Pulmatrix has collaborated with Cystic Fibrosis Foundation Therapeutics (CFFT) to advance clinical trials of PUR118, iCALM inhaled drug candidate, in the treatment of cystic fibrosis (CF).

According to the agreement, Pulmatrix will receive $1.4m in upfront and milestone-driven funding for the effort from the CFFT, along with introductions to cystic fibrosis academic researchers and access to critical research insight and resources.

The award is expected to support Pulmatrix’s Phase 1b trials of PUR118 in cystic fibrosis to reduce the risk of acute exacerbations in CF patients.

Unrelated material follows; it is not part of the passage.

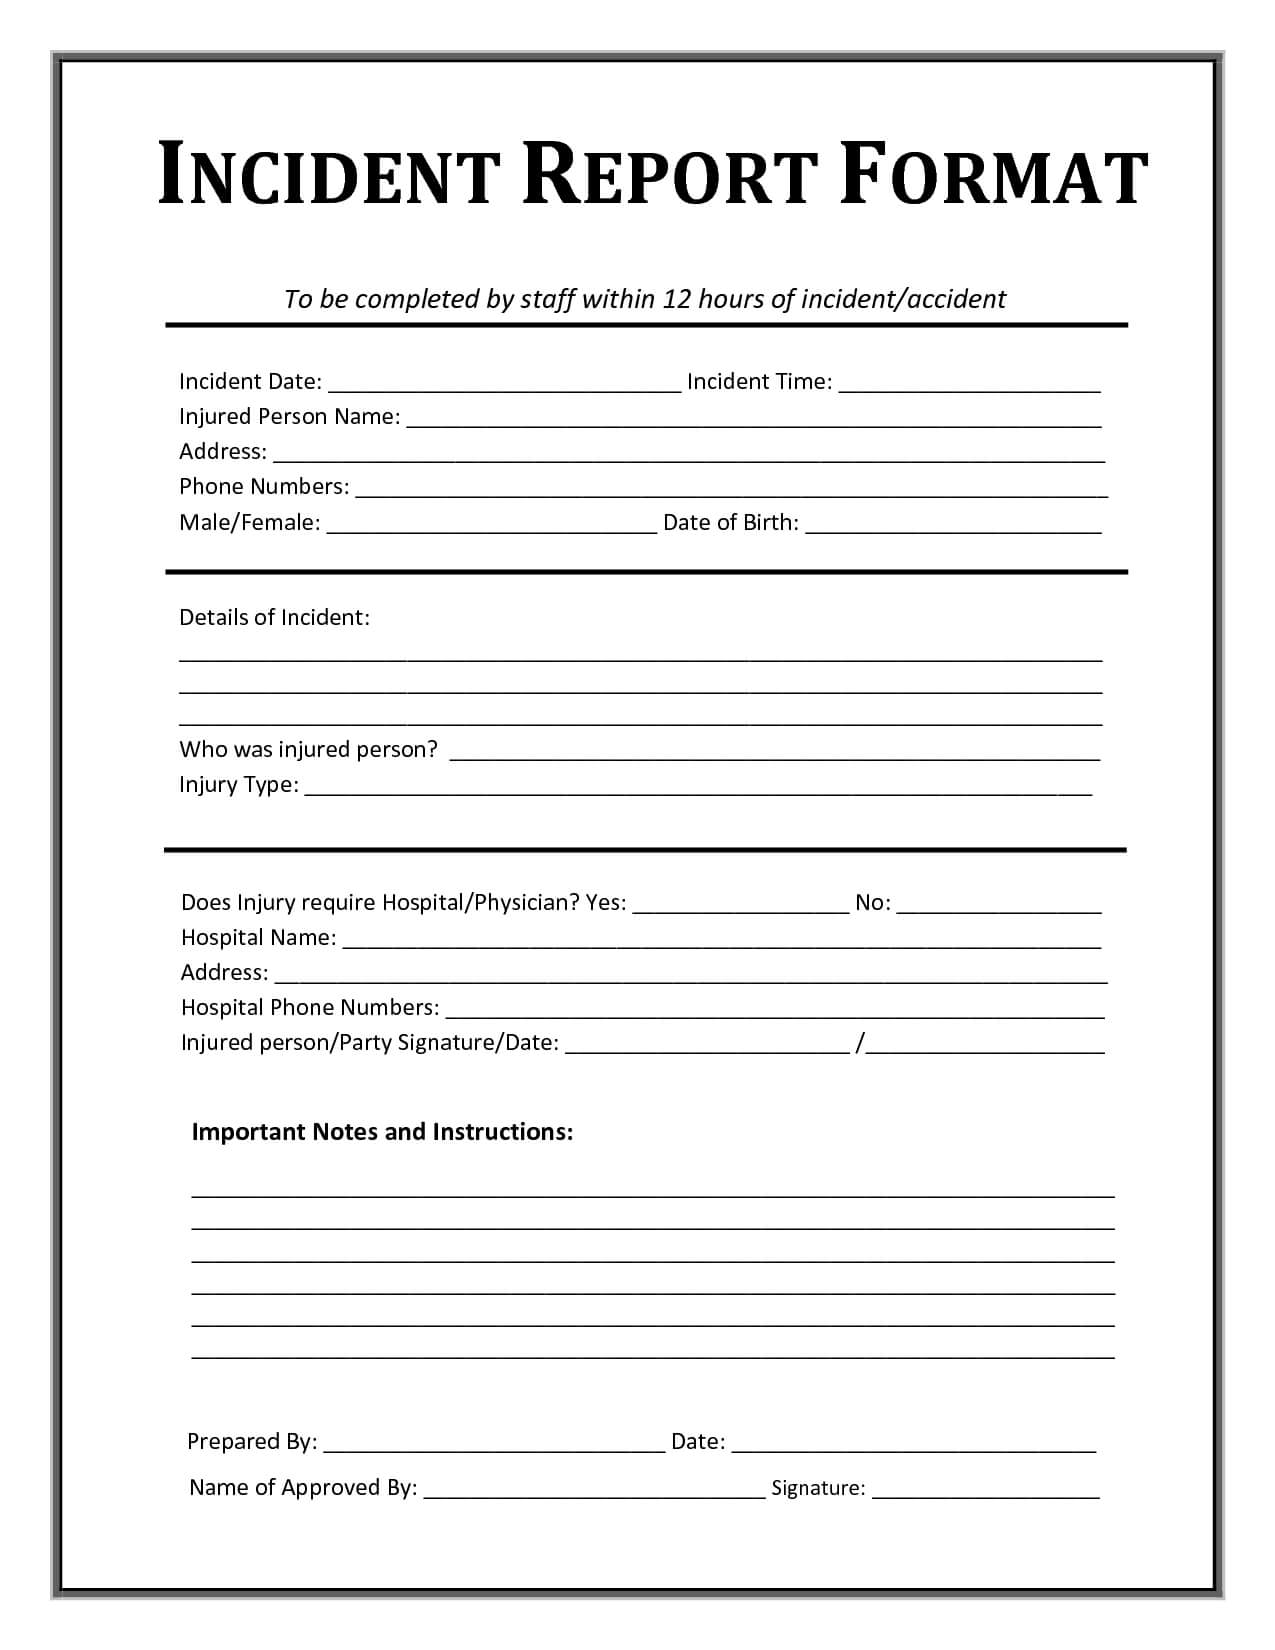 Incident Report Template | Incident Report Form, Incident Regarding Customer Incident Report Form Template

Pulmatrix CEO Robert Clarke said CF Foundation is making an investment with Pulmatrix that will significantly enhance the drug’s development.

"This is a tremendous vote of confidence in our clinical program and gives us the ability to accelerate our activities as we seek to develop a novel treatment to meet the unmet needs of patients with CF. Longer term, we see PUR118 as a perfect complement to the existing CF therapies to provide even better patient outcomes," Clarke added.

PUR118 is at present in a Phase 1 study in cystic fibrosis and two Phase 1b studies in patients with chronic obstructive pulmonary disease (COPD).

Following the completion of the Phase 1 safety and tolerability study in CF patients, Pulmatrix is considering a Phase 1b trial of PUR118 in CF patients evaluating mucociliary clearance velocity as an endpoint.